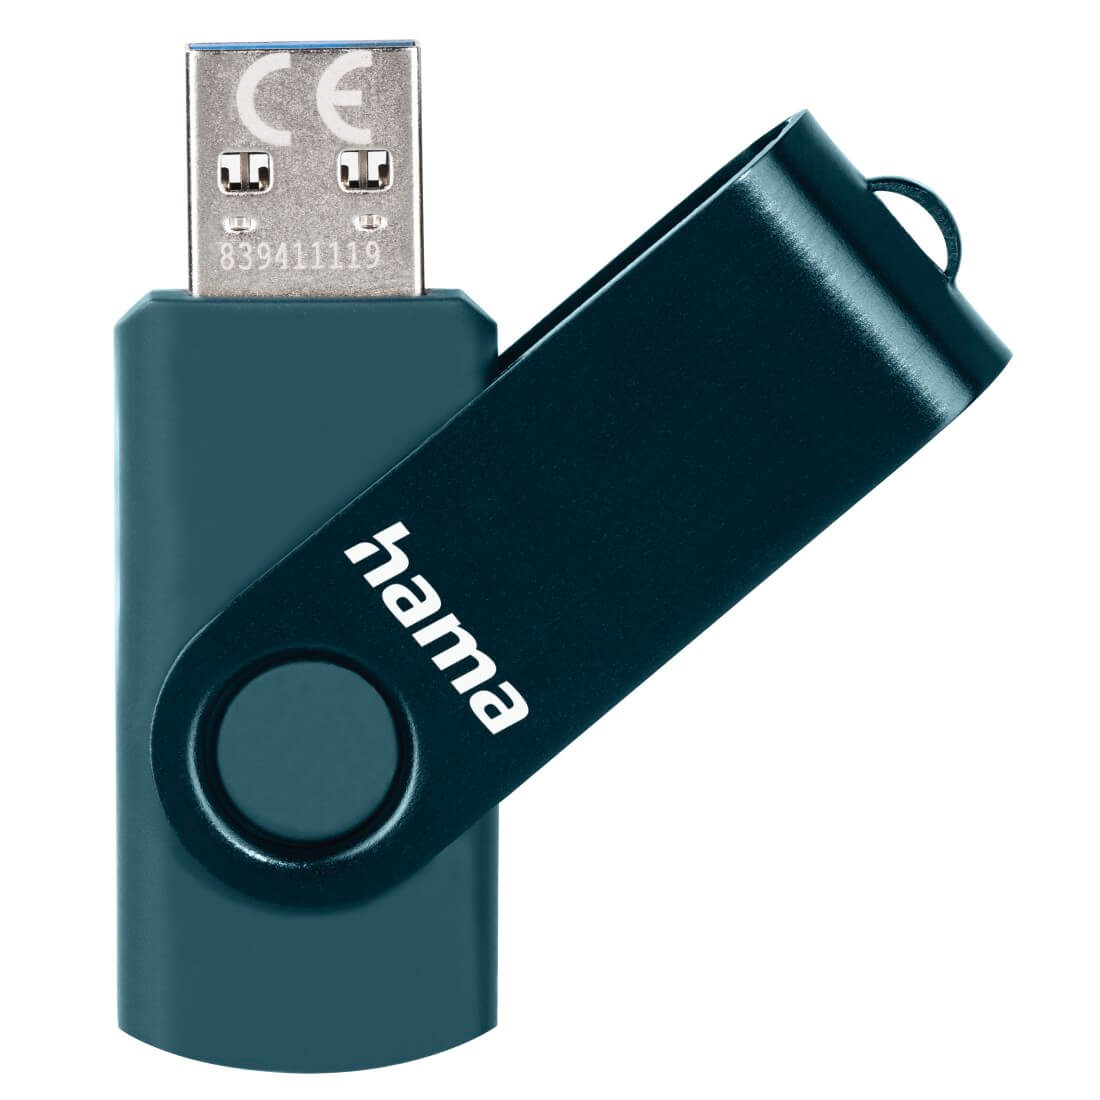 Hama USB-Stick Rotate, USB 3.0, 256GB, 90MB/s
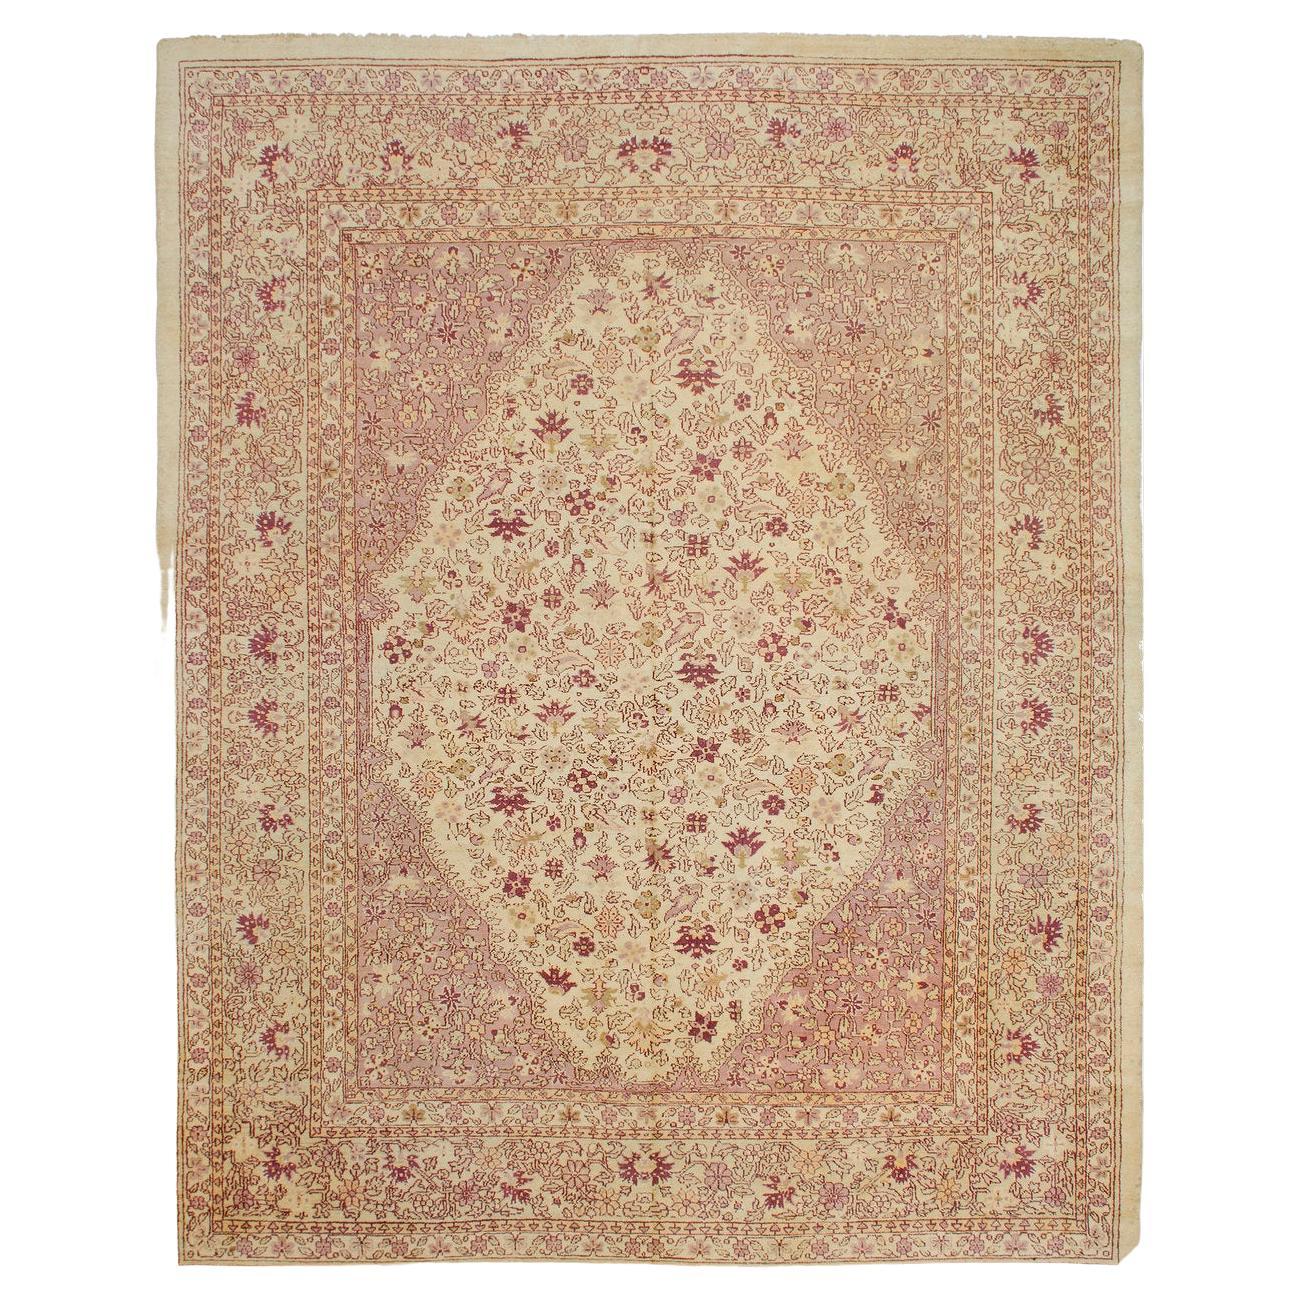 Antique Indian Amritsar Carpet For Sale
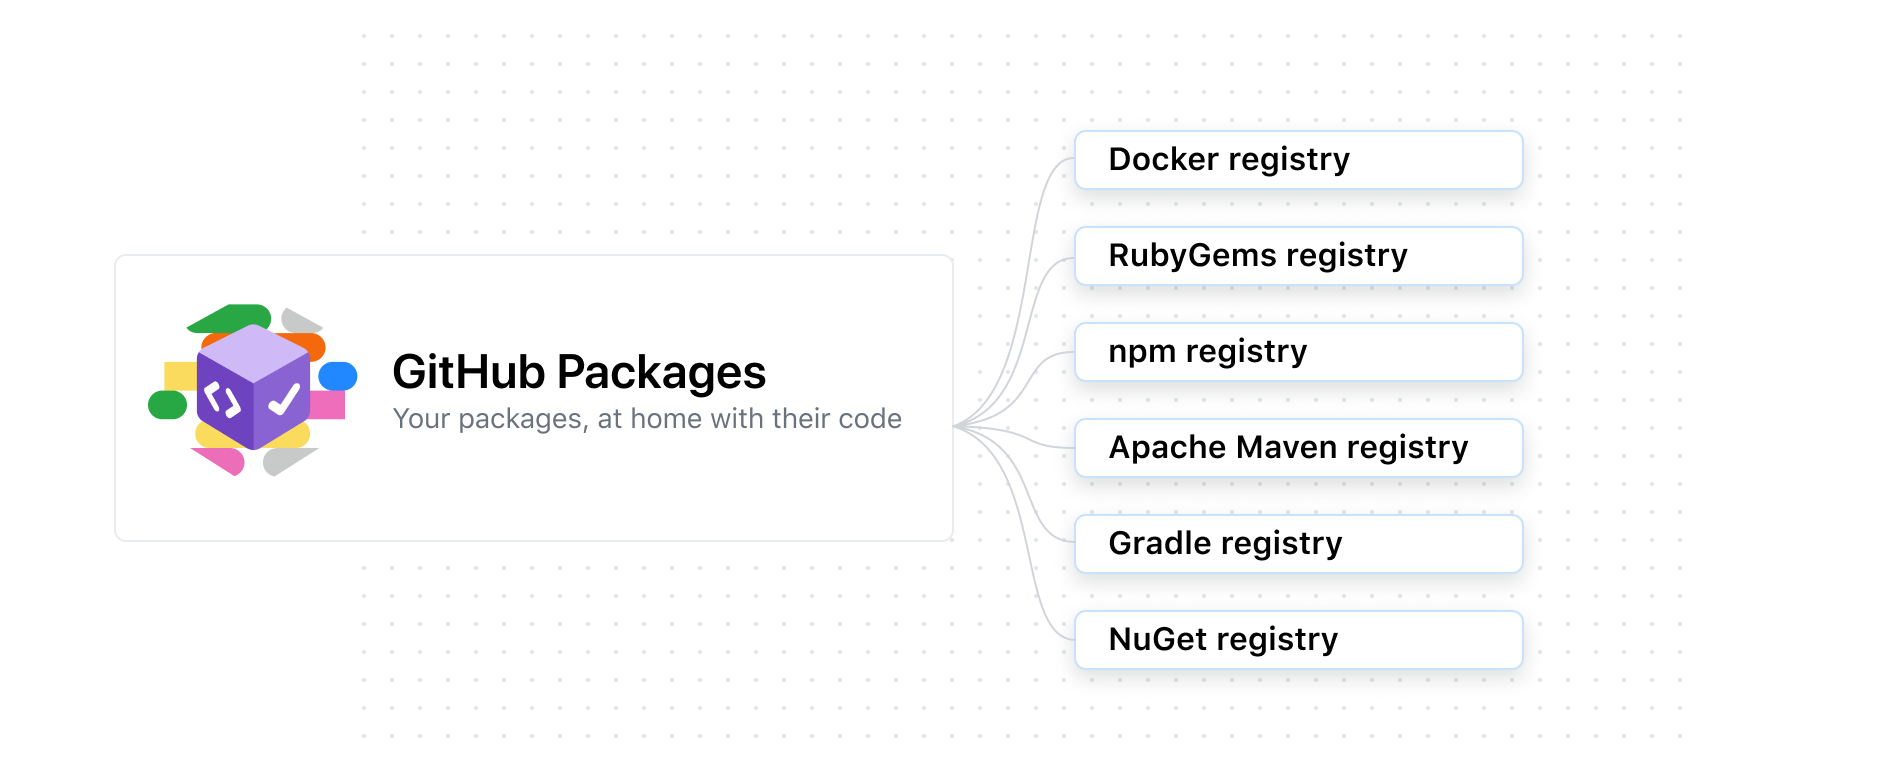 Diagram showing packages support for the Docker registry, RubyGems, npm, Apache Maven, Gradle, NuGet, and Docker

(Your objective)
The reply should repeat the data in full, exactly as given, and contain no pictures.

(Output below)
 Hama USB-Stick Rotate, USB 3.0, 256GB, 90MB/s
 Antique Indian Amritsar Carpet For Sale
 Diagram showing packages support for the Docker registry, RubyGems, npm, Apache Maven, Gradle, NuGet, and Docker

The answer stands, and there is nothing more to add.